# New GSD rescue in Texas



## MustLoveGSDs (Oct 31, 2008)

Hello all, it has been a long time since I've posted. I decided to stop posting after everything happened with my GSD, Chief...but I wanted to come back and stay active with the rescue section of the forum since I am still heavily involved with that. I was a volunteer with Greater Houston GSD Rescue but the President of that, Julane, and a handful of volunteers and board members, including me decided we were sick of what the group was turning into and all quit to start our own GSD rescue called Second Chance. 

We obtained our 501-c3 non-profit status recently and have been growing in numbers and in a very positive direction. We have great reputations with the local shelters thanks to Julane, who is the president of our new group and also the intake coordinator. We are doing awesome at events and have been getting a lot of great adopters and volunteers so we are able to save more dogs. We are hoping to continue making a good name for ourselves and work alongside other GSD rescues. We also have members from Austin GSD rescue who volunteer with us. 

This is our website link:
Second Chance German Shepherd Rescue Houston

I just want to get the word out about our new group and anyone is welcome to add us to any contact lists, if anyone in Houston posts here and is interested in volunteer opportunities, just send me a PM. I am currently fostering for Second Chance and doing intake/shelter evals, also some adoption committee tasks and events of course. My 2nd foster dog got adopted last week and I will be bringing my new foster home on Monday. Thanks for reading!


----------



## LaRen616 (Mar 4, 2010)

Thank you for opening another GSD Rescue! We could use more of them!

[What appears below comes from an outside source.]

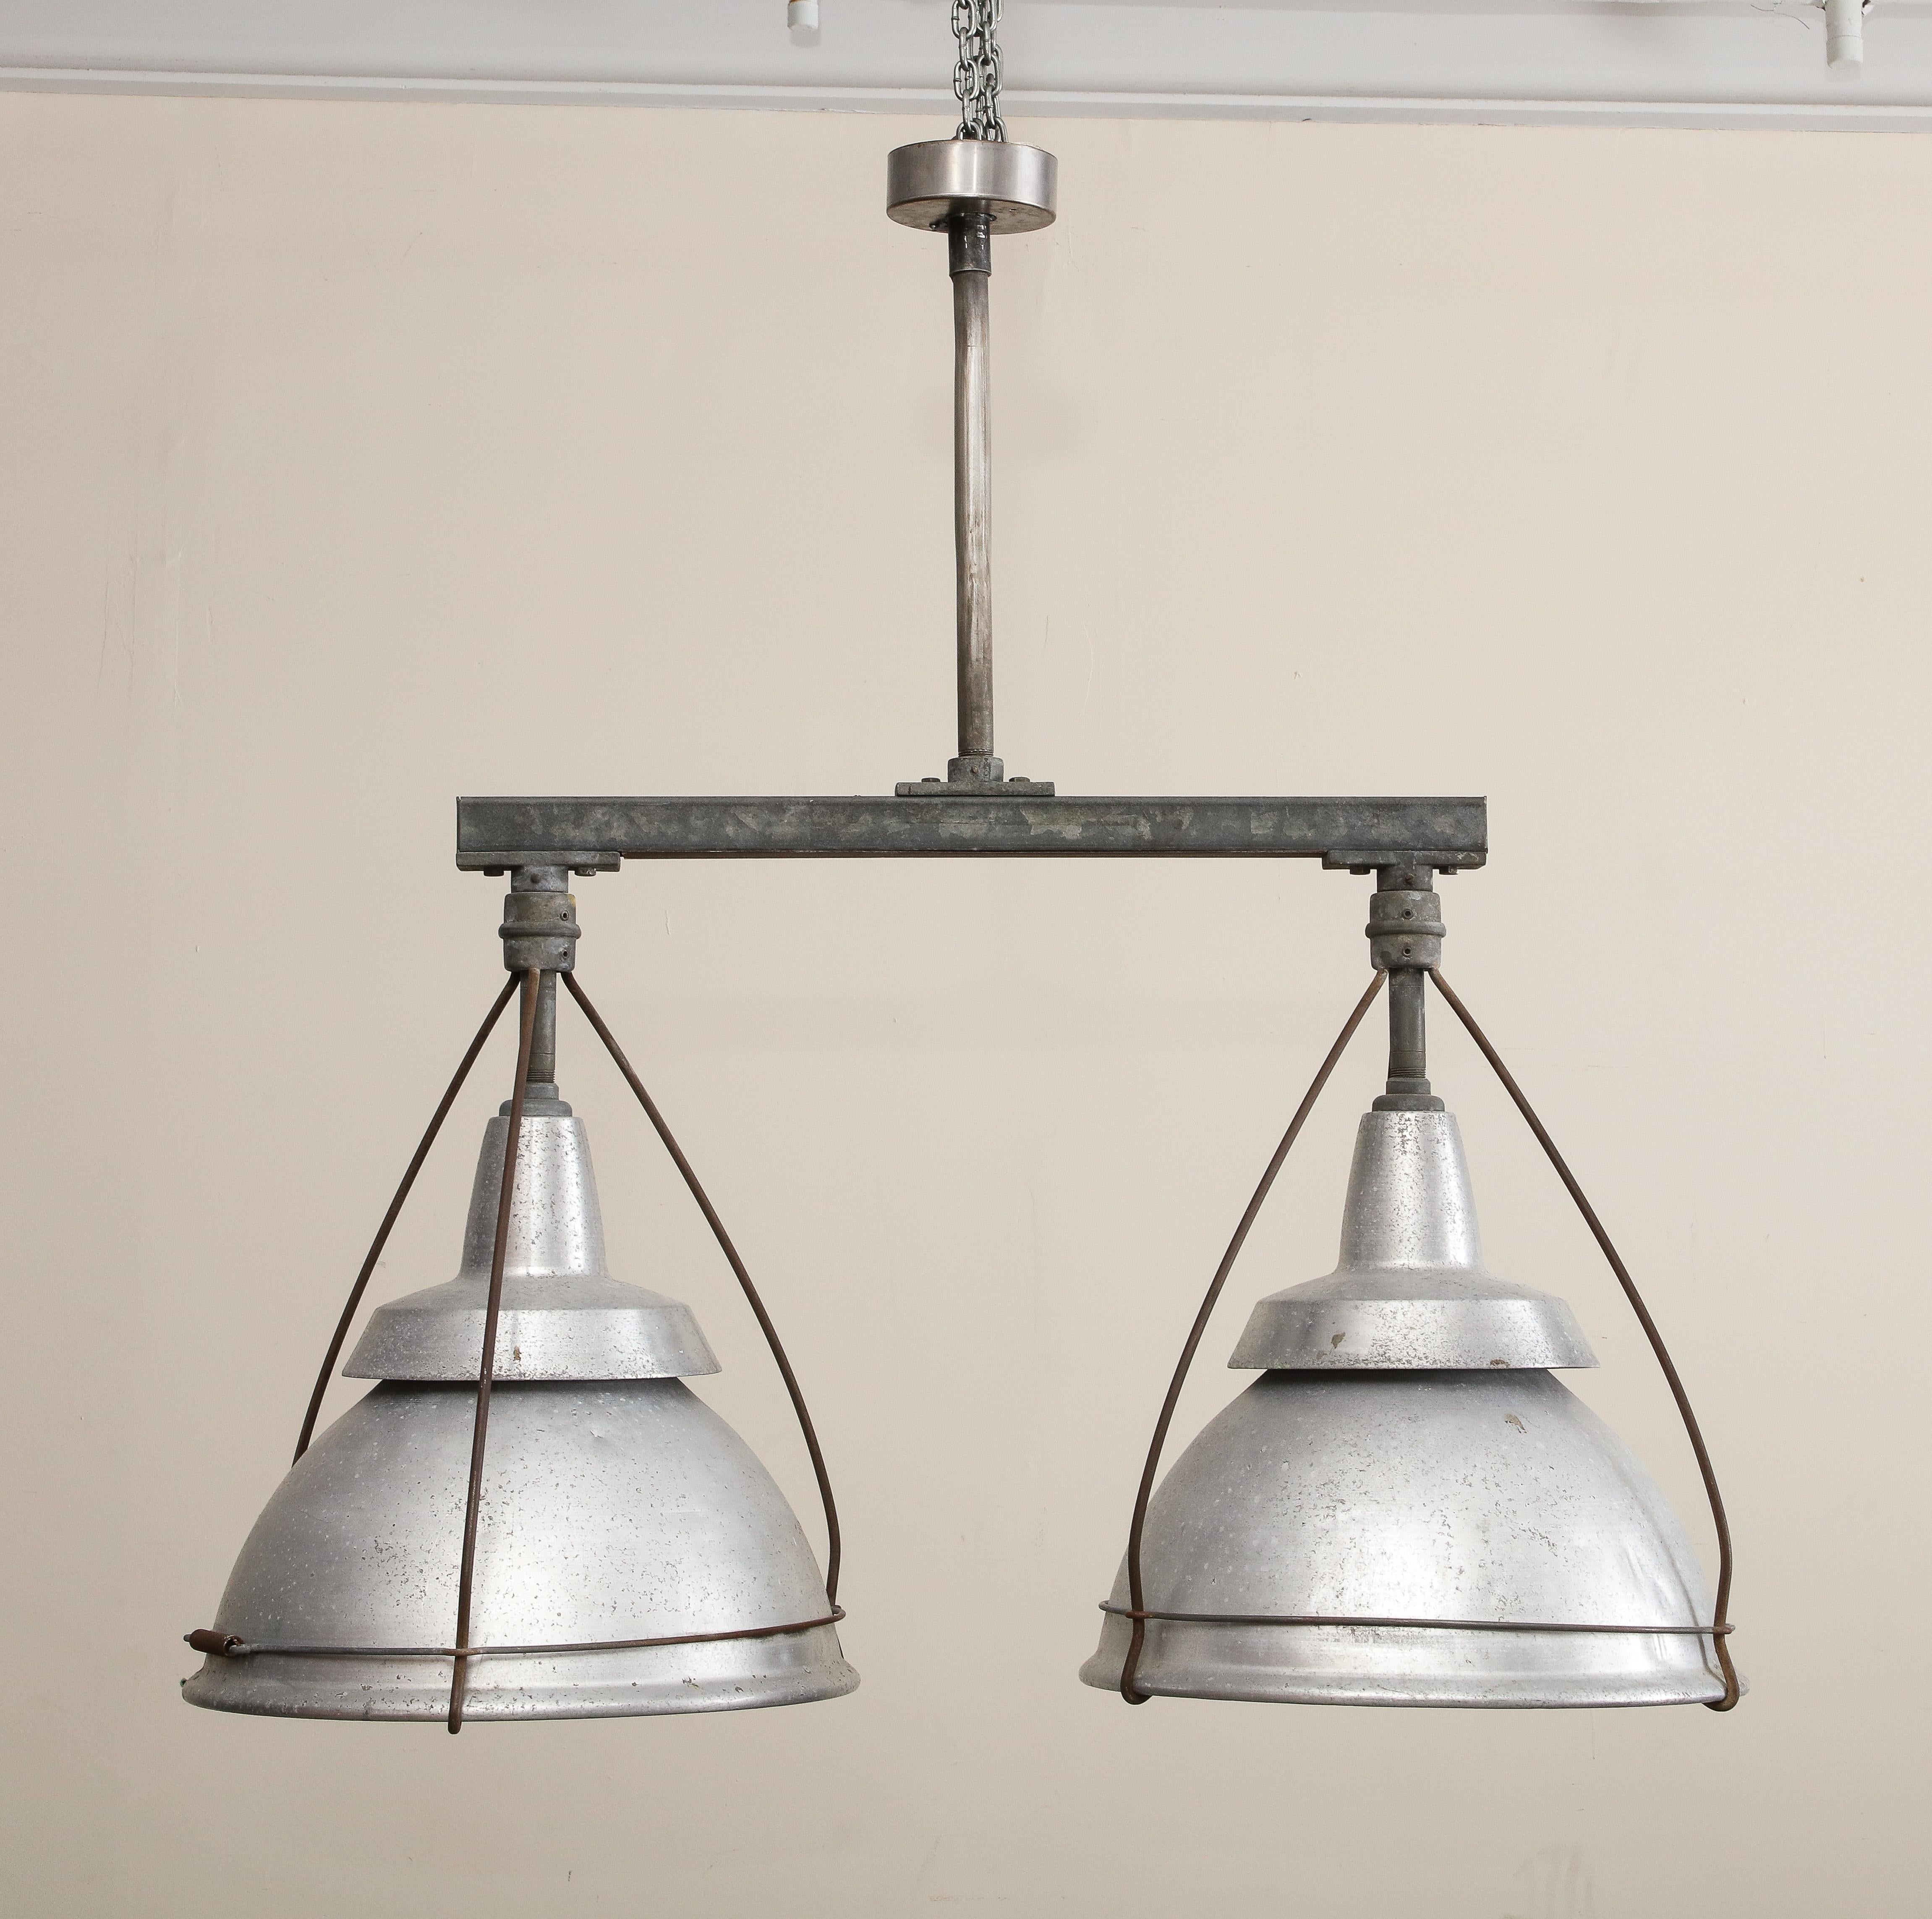 Large industrial double pendant light, c. 1920. Ceiling mounted single canopy, wired for USA and in working condition. 

44

Keep up the good work and welcome back!


----------



## Whitedog404 (Mar 25, 2010)

Really good looking, easy to navigate website. Nice. You have some terrific looking dogs, too! Best of luck to you.


----------



## KatieStanley (Apr 27, 2010)

I second that! The website is wonderful. Love the design/setup. Best of luck!


----------



## MustLoveGSDs (Oct 31, 2008)

Thanks for the support!!


----------



## GSDAlphaMom (Jul 20, 2010)

Nice looking site and yes easy to navigate. Thanks for taking this on. We can't have too many good rescues givng these babies a second chance.


----------



## Emoore (Oct 9, 2002)

If you ever need hands and feet in the Dallas Area let me know. I'm with Austin GSD Rescue and can do home visits and transports up here.


----------



## MustLoveGSDs (Oct 31, 2008)

Emoore said:


> If you ever need hands and feet in the Dallas Area let me know. I'm with Austin GSD Rescue and can do home visits and transports up here.


Good to know! Can you PM me your email address so I can add to my contacts?


----------